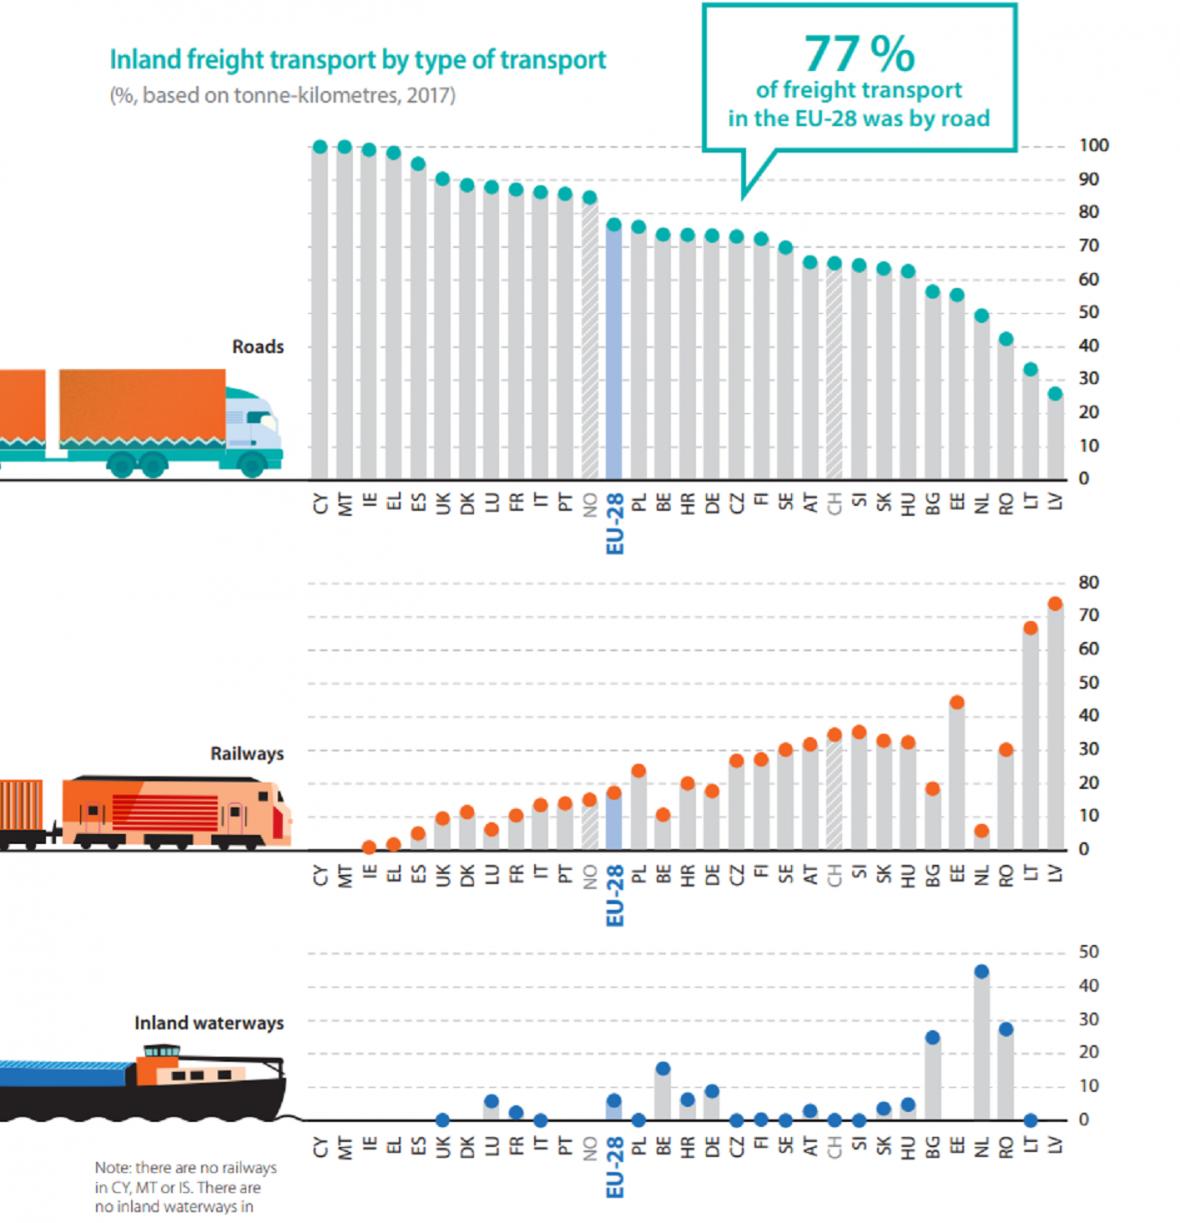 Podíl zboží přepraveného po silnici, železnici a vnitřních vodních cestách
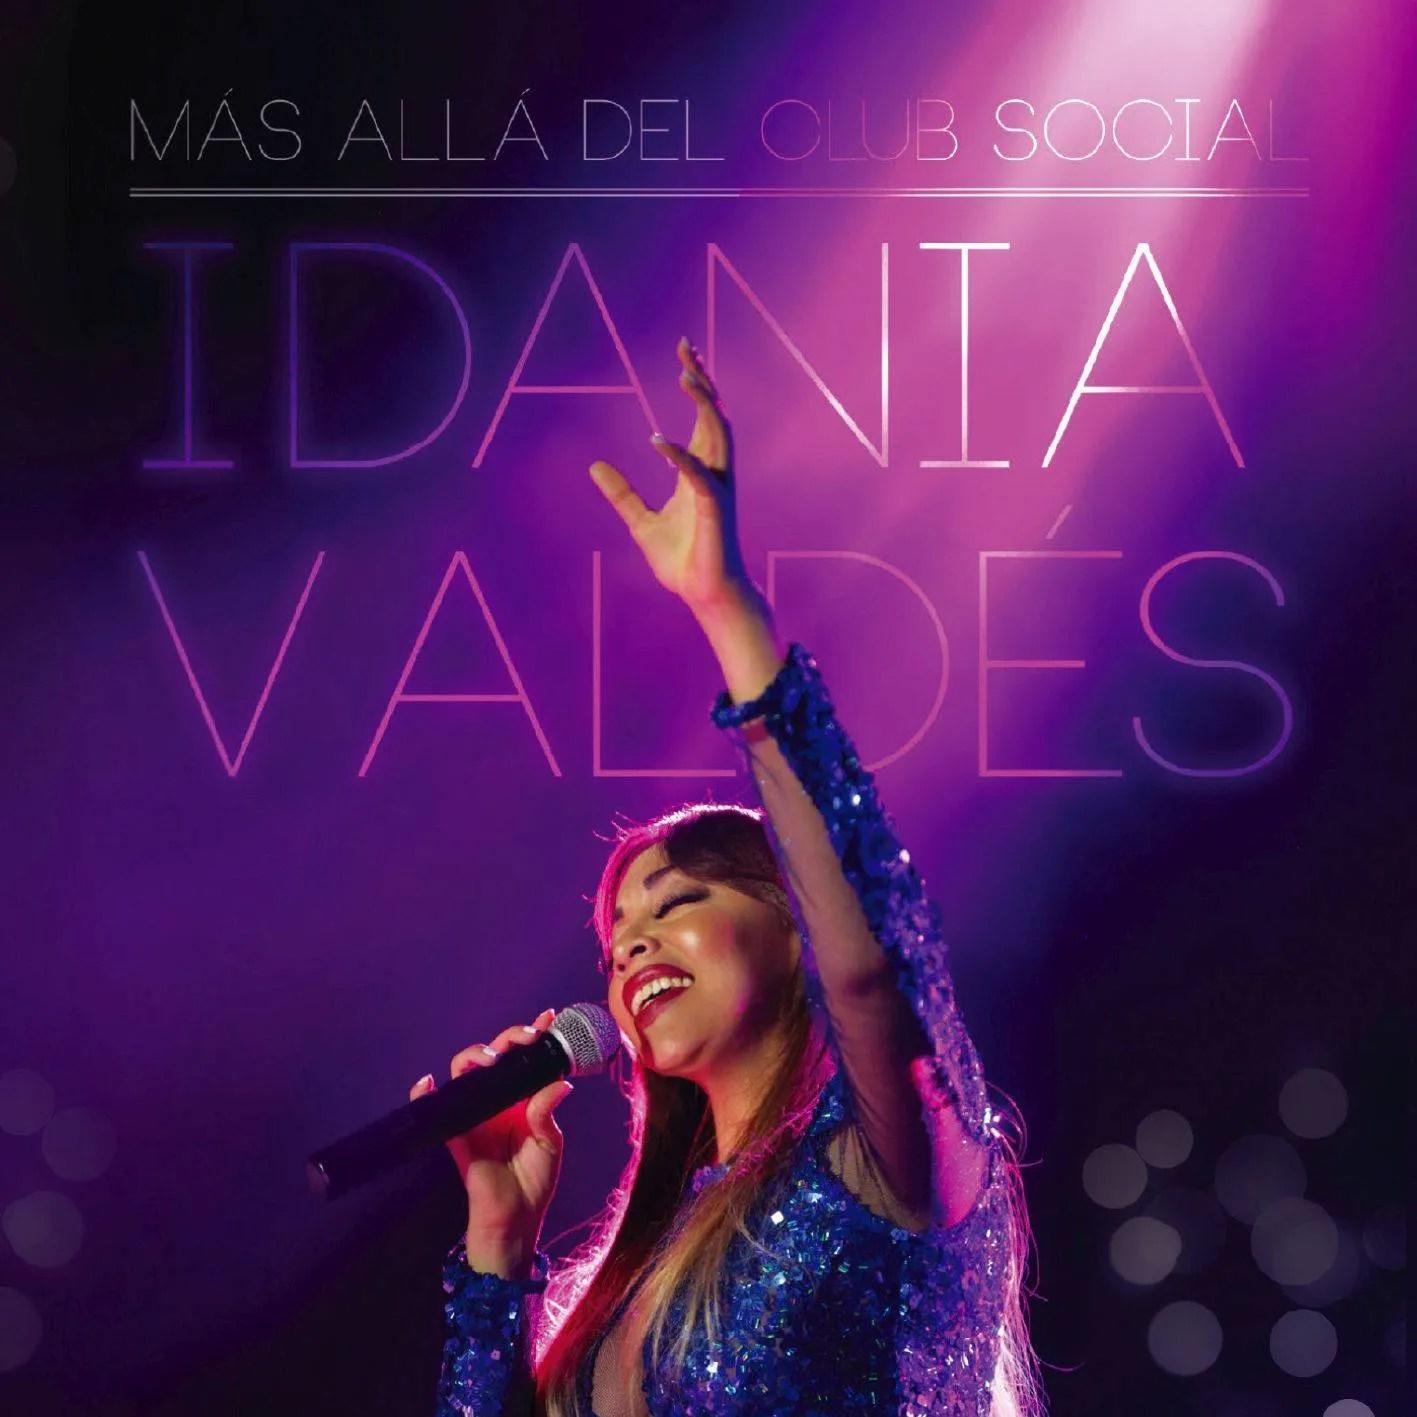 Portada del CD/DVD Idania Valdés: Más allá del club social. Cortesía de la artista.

--

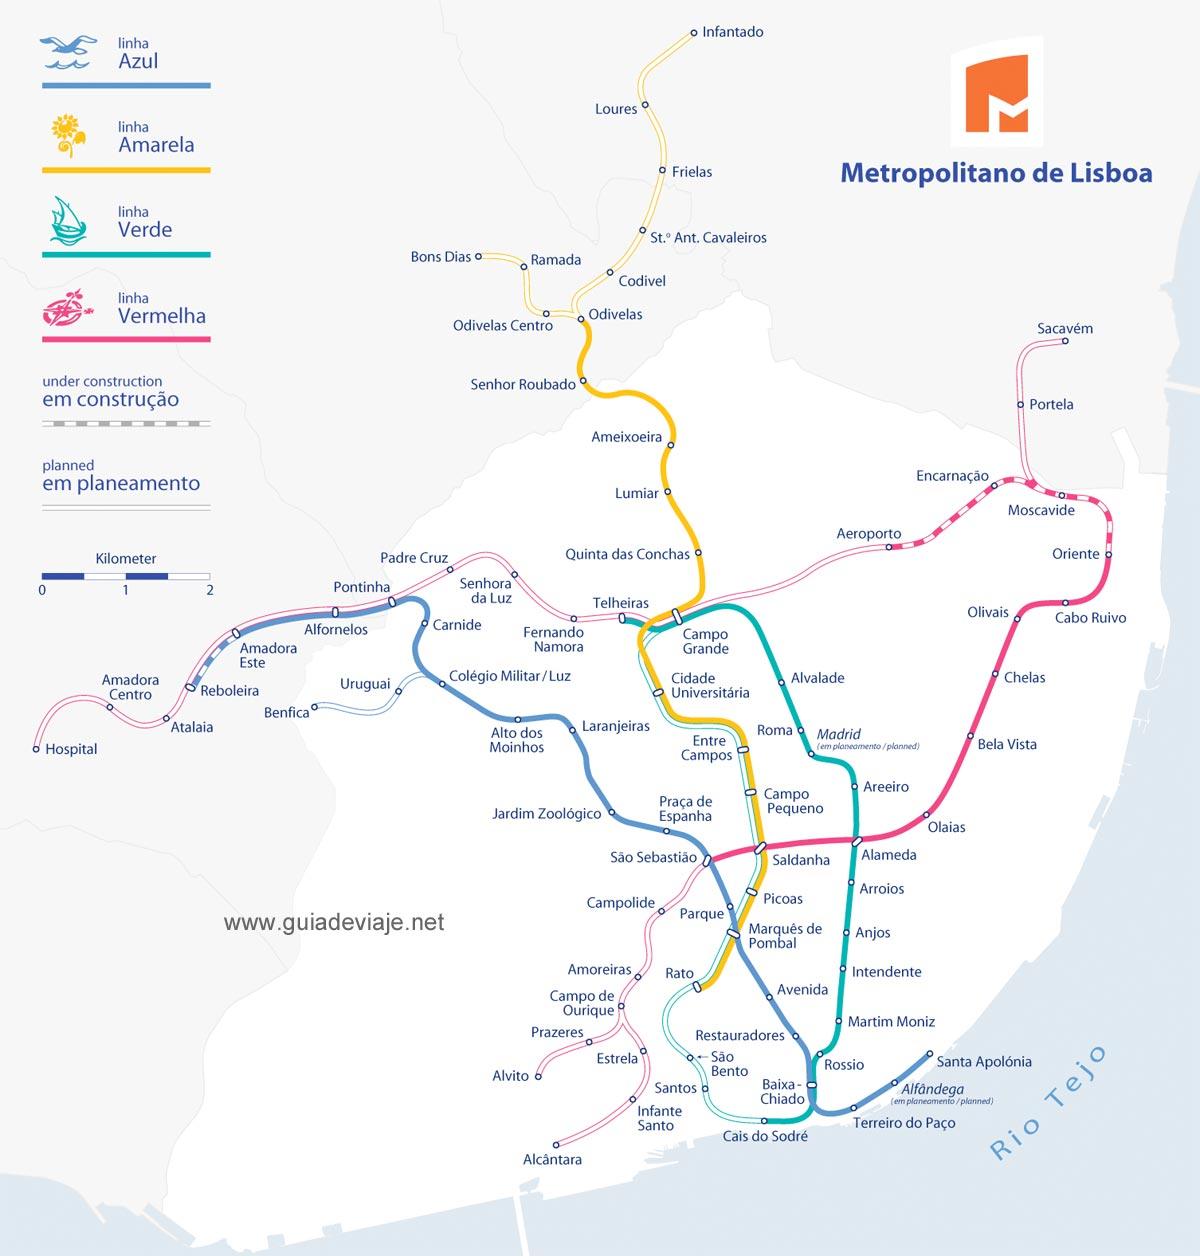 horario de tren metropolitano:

Task statement –
The material above holds pictures; leave them out. Repeat exactly the lines from the one containing "Podíl zboží přepraveného" through the one containing "Portada del CD/DVD", and nothing else.

Expected answer –
 Podíl zboží přepraveného po silnici, železnici a vnitřních vodních cestách
 Portada del CD/DVD Idania Valdés: Más allá del club social. Cortesía de la artista.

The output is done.